Mesures annoncées antérieurement

Le budget de 2017 confirme l'intention du gouvernement d'aller de l'avant avec les mesures fiscales et connexes annoncées antérieurement suivantes, telles qu'elles ont été modifiées afin de tenir compte des consultations et des délibérations qui ont eu lieu depuis leur annonce ou leur publication :

  • mesures annoncées le 3 octobre 2016 afin d'accroître l'équité par rapport à l'exonération des gains en capital sur la vente d'une résidence principale;
  • mesure annoncée dans le budget de 2016 à propos des exigences de déclaration de renseignements s'appliquant à certaines dispositions d'un intérêt dans une police d'assurance-vie;
  • propositions législatives publiées le 16 septembre 2016 relativement à des modifications techniques de l'impôt sur le revenu;
  • propositions législatives et réglementaires publiées le 22 juillet 2016 relativement à la TPS/TVH;
  • mesures confirmées dans le budget de 2016 en ce qui concerne le choix des coentreprises concernant la TPS/TVH.

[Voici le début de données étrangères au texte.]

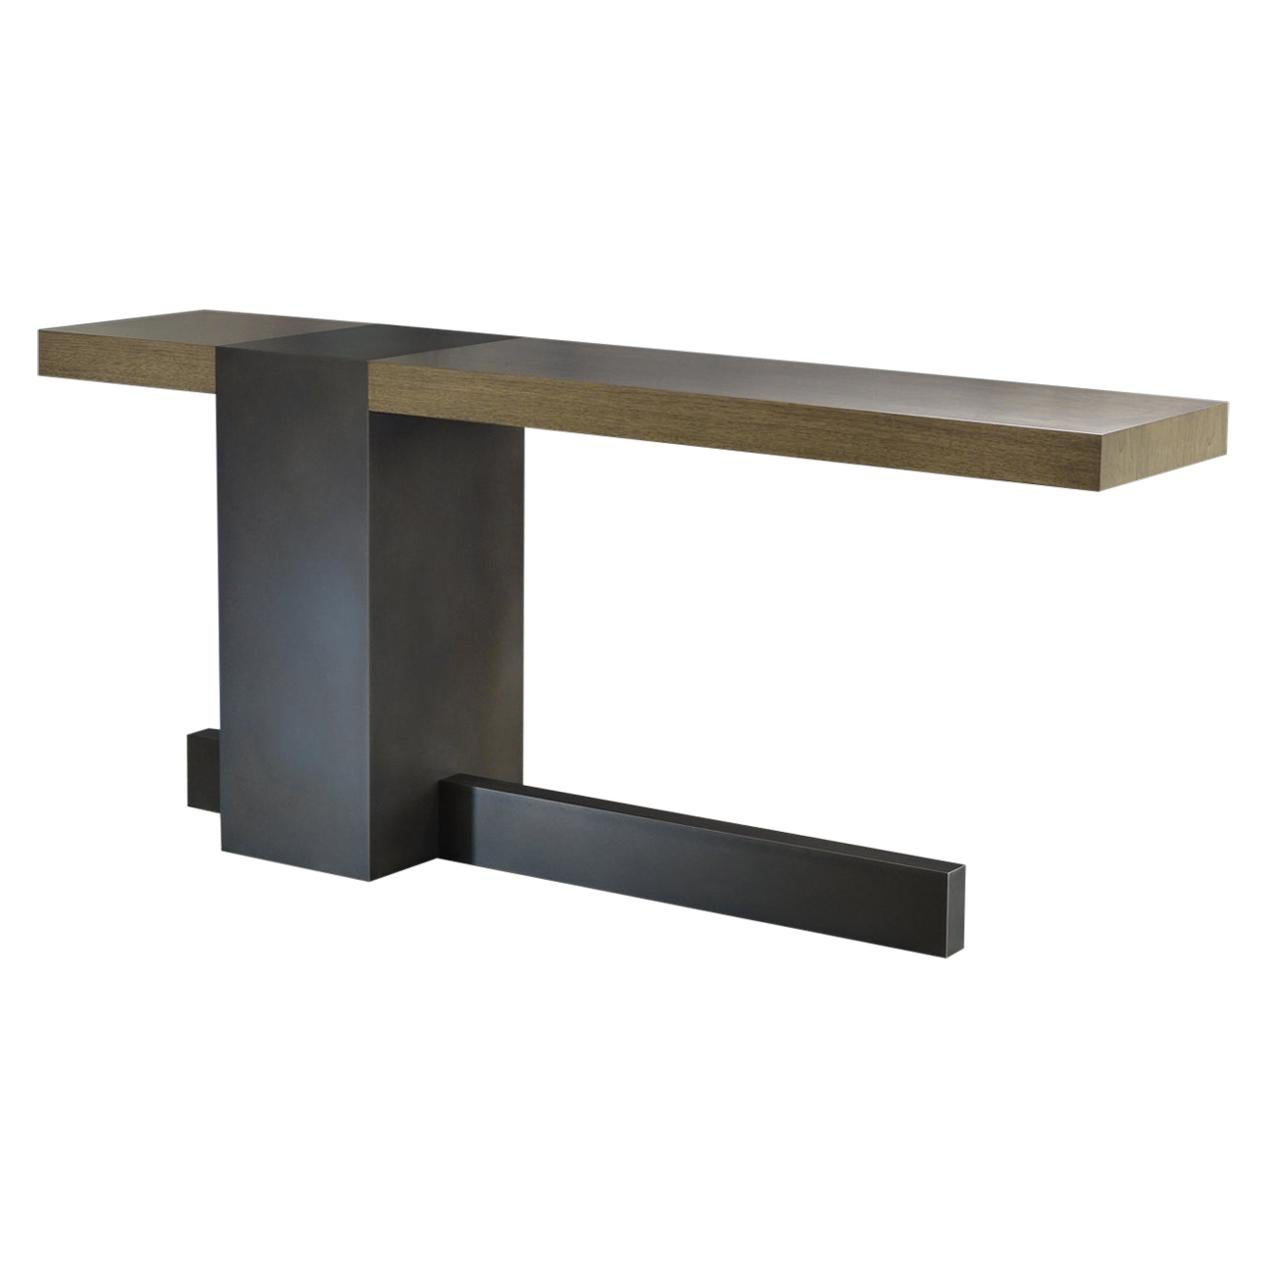 LUMA Design Workshop Float Console in Light Wood and Blackened Metal For Sale

Le budget de 2017 réaffirme par ailleurs l'engagement du gouvernement d'aller de l'avant avec des modifications techniques requises afin d'améliorer la certitude du régime fiscal.

Le budget de 2017 ne comprend aucune mesure fiscale visant les organisations sans but lucratif. Dans le budget de 2014, le gouvernement avait fait part de son intention d'examiner l'exonération d'impôt à l'égard des organismes sans but lucratif. Dans le cadre de son examen, il avait indiqué qu'il publierait un document de consultation pour avis et consulterait davantage, au besoin, les intervenants. À ce jour, aucune publication n'a été annoncée. À l'instar des autres années, le budget de 2017 n'aborde pas la question du processus de consultation proposé.